Judge and jury
Touring the country with the judging panel for our Home of the Year awards.
On tour with the panel for Home of the Year 2017
By the time you read this, HOME’s editor Simon Farrell-Green will be on the road – along with international guest judge Todd Saunders and celebrated architect Richard Naish – to judge the 2017 Home of the Year, brought to you by Altherm Window Systems.
There was a bumper crop of entries this year and the panel will visit 15 houses in all – from Mangawhai to Queenstown via Cambridge and Lyttelton, Hahei and Island Bay – across seven days, multiple flights and rental cars. Then they’ll sit down and work out the final six, to be published in our April/May issue.

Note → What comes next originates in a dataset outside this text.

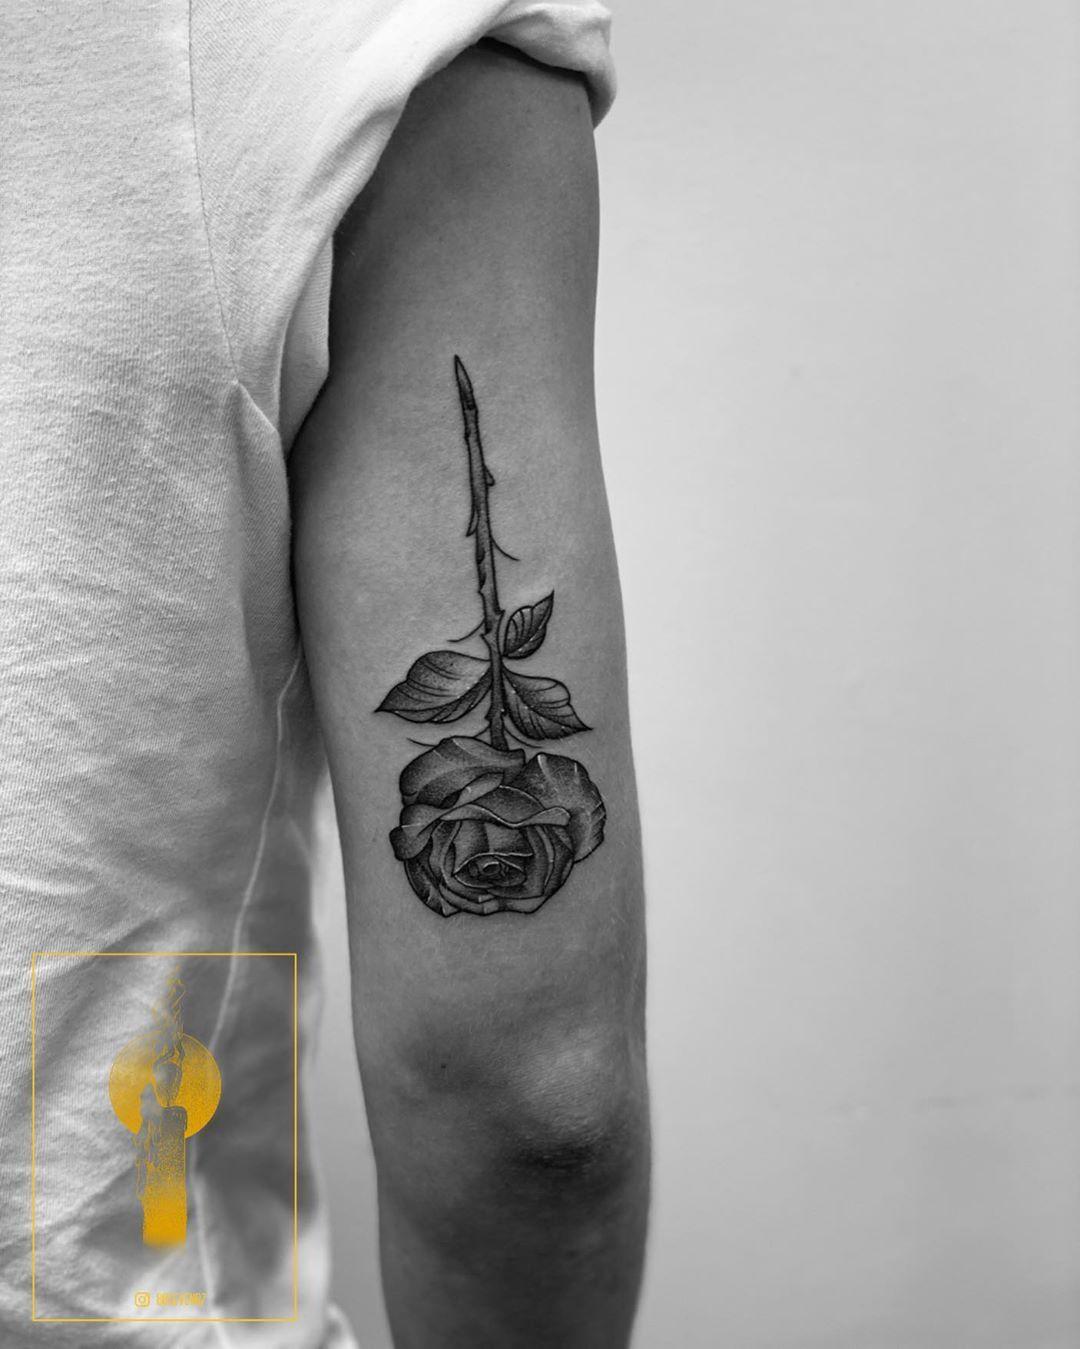 🌹 • • • •  #blxckink #btattooing #blacktattooart #blacktattooing #blackworkers #blackworkerssubmission #darkartist #dotwork #iblackwork #instinctsubmission #tattoo #idesign #art #artwork #tattooing #drawing #lines #linework #inkjunkeyz #inkedgirls #geometric #onlyblackart #engraving #equilaterra #fineline #floral #flowertattoo

There’s a building boom, sure, but there’s also a growing sophistication in New Zealand architecture. In the City Home category, there are houses on tiny urban sections where owners have chosen to build small but smart, a breathtaking response to an awkward corner site, and two complicated suburban sites with neighbours close by. There’s a thoroughly urban house in a provincial town and a place that makes brilliant use of a strangely shaped site. There are four country houses in the Retreat category, with one perched above mudflats and another inhabiting a beautiful sheltered valley. It all goes to show that while a great view helps, it’s not everything: design is key.
The judging team will also stop in Wellington (February 14) and Auckland (February 16) for two public lectures with Saunders – in Wellington, they’ll show Strange & Familiar: Architecture on Fogo Island, a film of his work in Newfoundland. At both, over a glass of wine, Saunders will chat about what he’s seen of New Zealand architecture.